Thursday, January 19, 2012

JPMorgan, lender and middleman to MF global, again at center of a financial failure

(Reuters) - In late October, as MF Global Holdings Ltd teetered toward bankruptcy, Jon Corzine phoned his close-knit circle of Wall Street friends for help.

His firm, facing demands from customers and other firms for cash, needed to sell billions of dollars in securities to raise the money. As the week progressed, MF Global executives came to believe that JPMorgan Chase & Co., one of MF Global's primary bankers and a middleman moving that cash, was dragging its feet in forwarding the funds.

Corzine phoned Barry Zubrow, then JPMorgan's chief risk officer, to question the slow payments. Corzine also called William Dudley, president of the Federal Reserve Bank of New York, to update him on MF Global's status and told him that payments were slow to arrive from JPMorgan and others. Dudley said he'd monitor the situation.

The delays contributed to a serious cash shortage at MF Global, according to people familiar with the matter. These people say the firm started trading one day in late October with $600 million in cash and spent the whole day selling securities, only to end with just $200 million in cash.

By adhering to procedure and not cutting MF Global any slack, these people say, JPMorgan was able to slow the delivery of funds, worsening MF Global's distress. As a result, they note, hundreds of millions of dollars of MF Global money may be still stuck in accounts at JPMorgan.

The details of MF Global's trading, based on court documents and multiple interviews with people familiar with the situation, shed light on what could have happened to more than $600 million in customer funds at MF Global, which are still being sought by regulators nearly three months after the firm filed for bankruptcy protection on October 31.

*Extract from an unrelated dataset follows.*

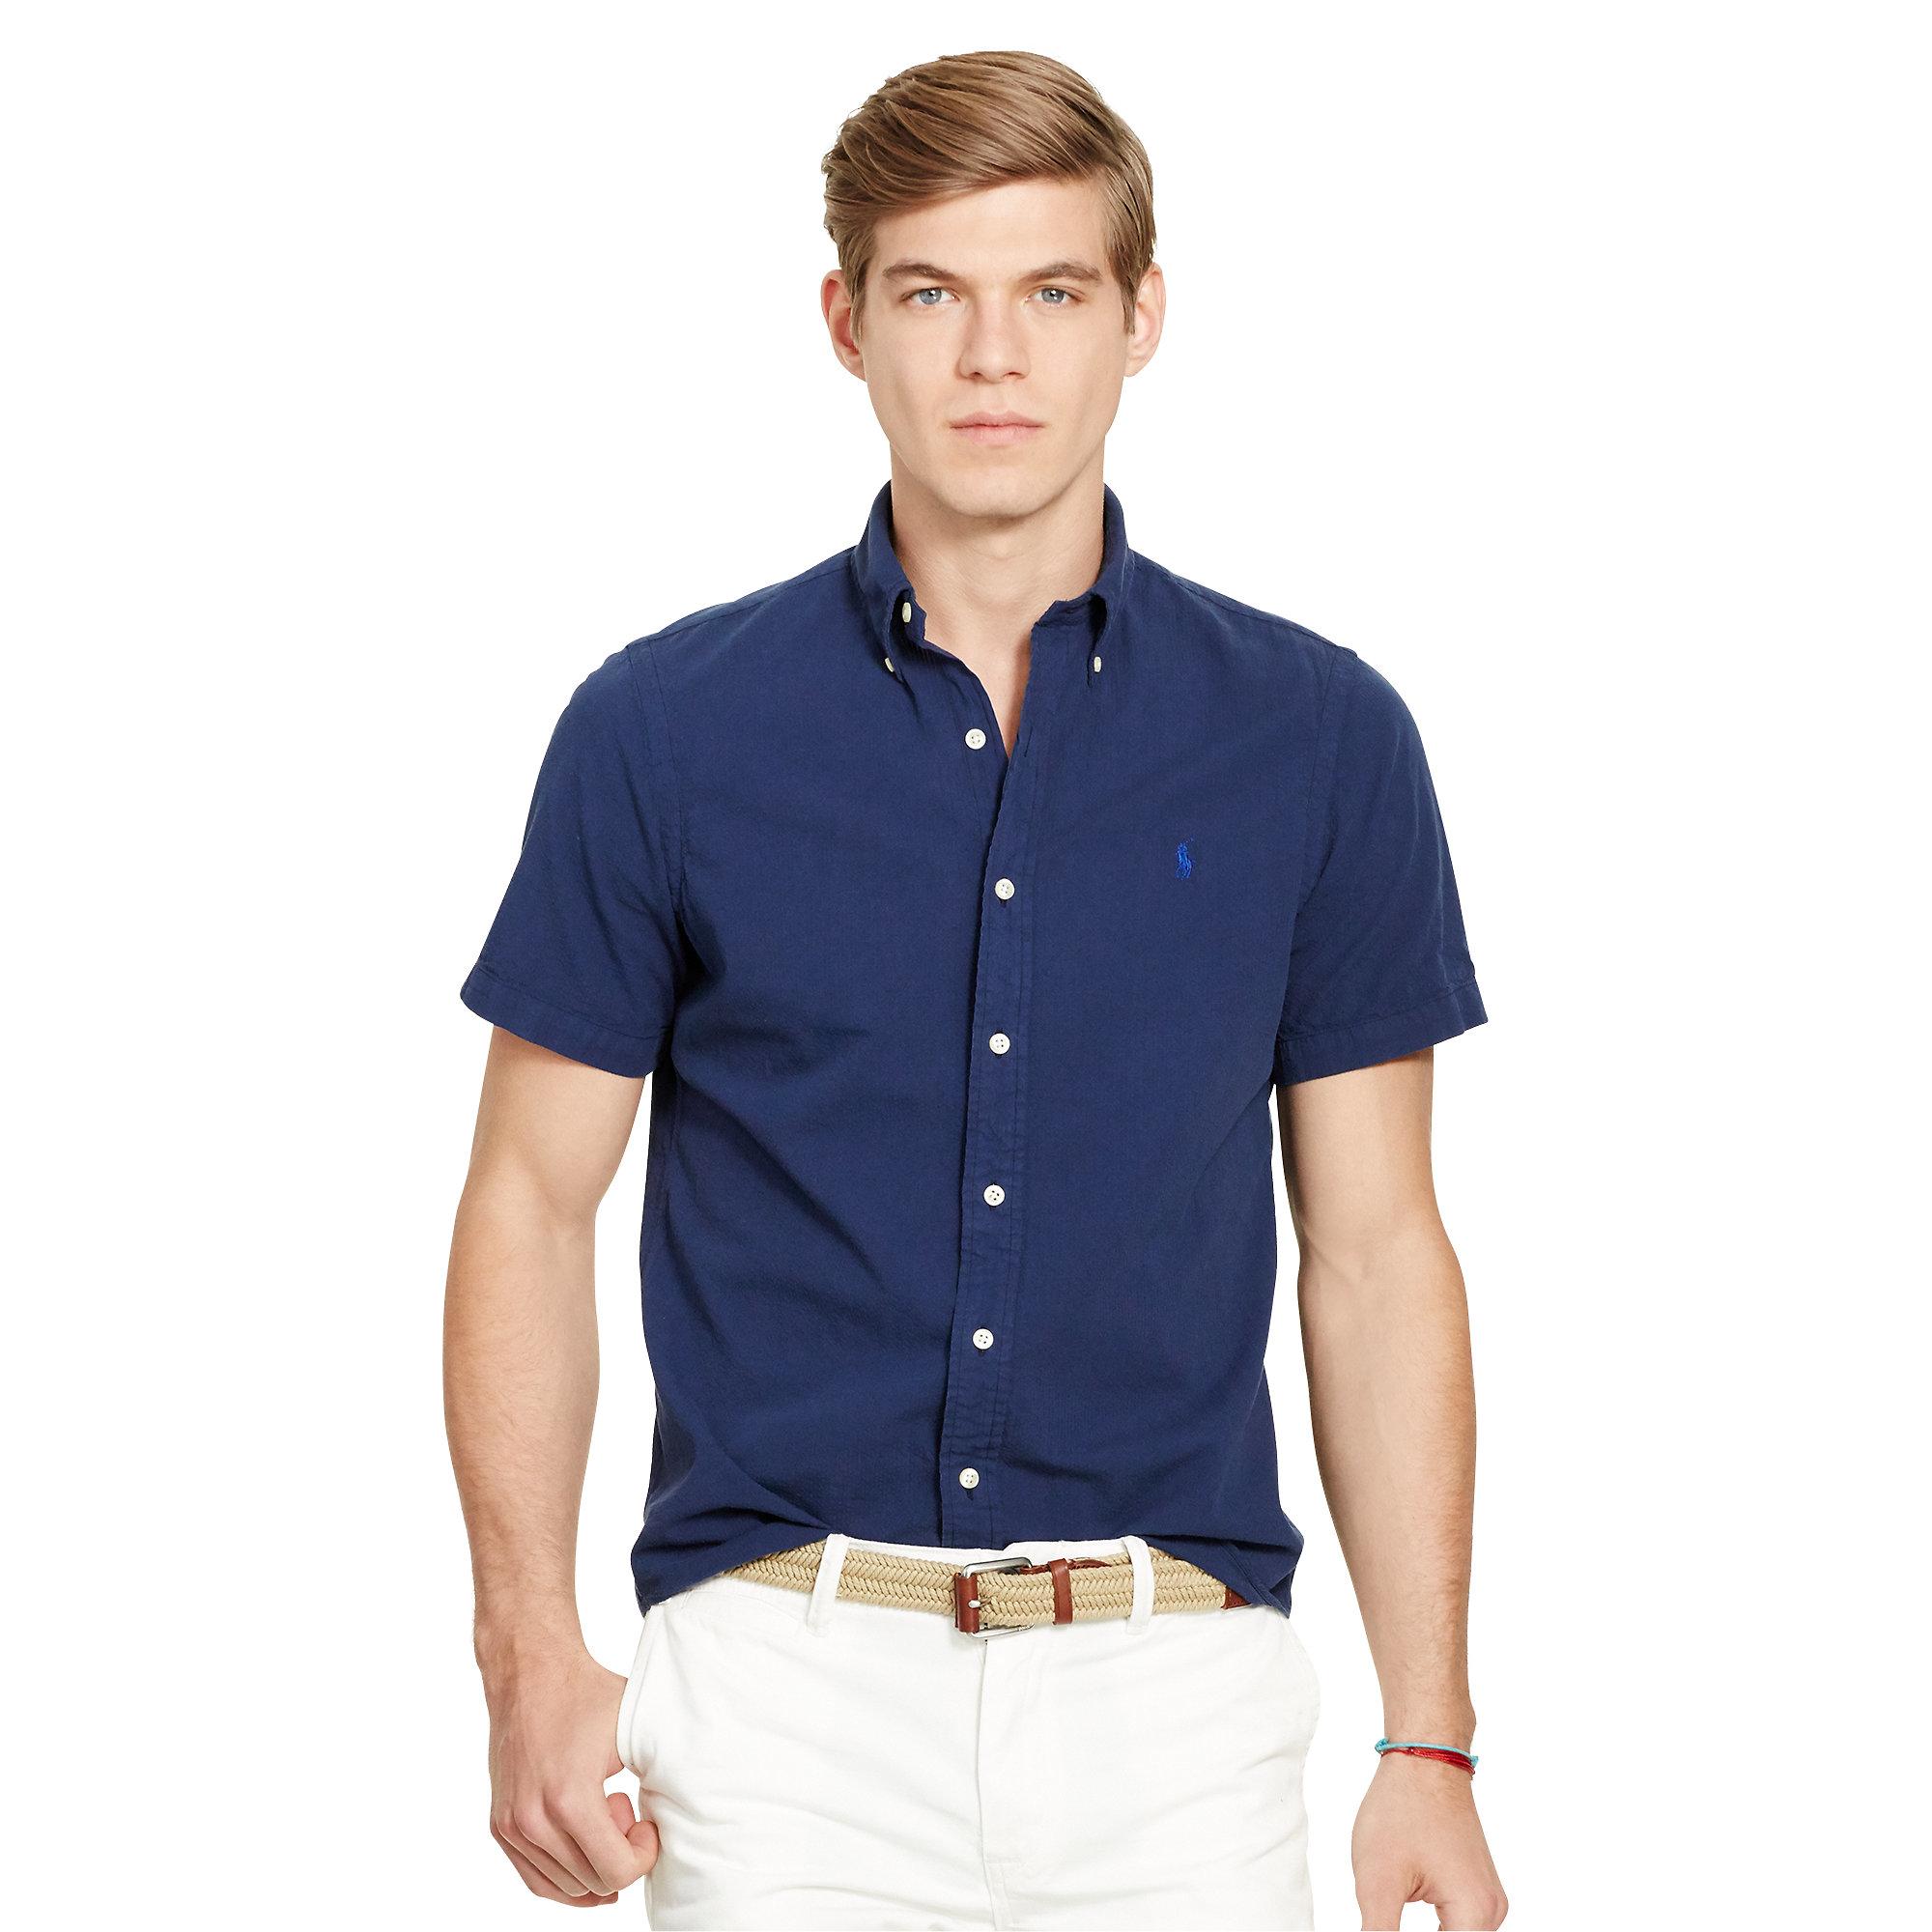 Polo Ralph Lauren Slim Cotton Seersucker Shirt In Blue For Men Lyst

An early sign that money was missing came as auditors from the CME Group Inc., which audited MF Global, combed through the company's books in Chicago and New York, according to congressional testimony by CME executive chairman Terrence Duffy. After MF Global reported a quarterly loss on October 25, the CME had dispatched two auditors to the Chicago office to review customer accounts on October 27 - the first of several confusing days as auditors and regulators, working in Chicago and New York, tried to understand whether funds were intact.

In a statement last week , a JPMorgan spokeswoman said, "Our firm lost money because of MFG's failure, and we are cooperating with the regulators with full transparency to assist their investigation."

Through a spokesman, Corzine declined to comment.

To be sure, regulators have made no allegation of wrongdoing against JPMorgan, and there is no evidence that JPMorgan did anything improper. Indeed, it seems to have been simply following banking procedure, according to people familiar with the matter.

Futures trading firms and brokers like MF Global are heavily dependent on borrowing, which then exposes the big banks that lend to them was well as their trades. That gives banks like JPMorgan the ability to protect themselves in a crisis.

The transactions that JPMorgan handled are drawing increased scrutiny from regulators, a bankruptcy trustee and MF Global because understanding MF Global's money flow could aid in identifying customer money flows, according to people familiar with the situation.

"They made things that are in normal times quite plain vanilla, easy things to do very difficult to do," said a person involved in MF Global's struggle, referring to JPMorgan. "What normally works well was taking forever because JPMorgan was dotting every 'i' and crossing every 't,' and they were holding on to as much money as they possibly could under the law."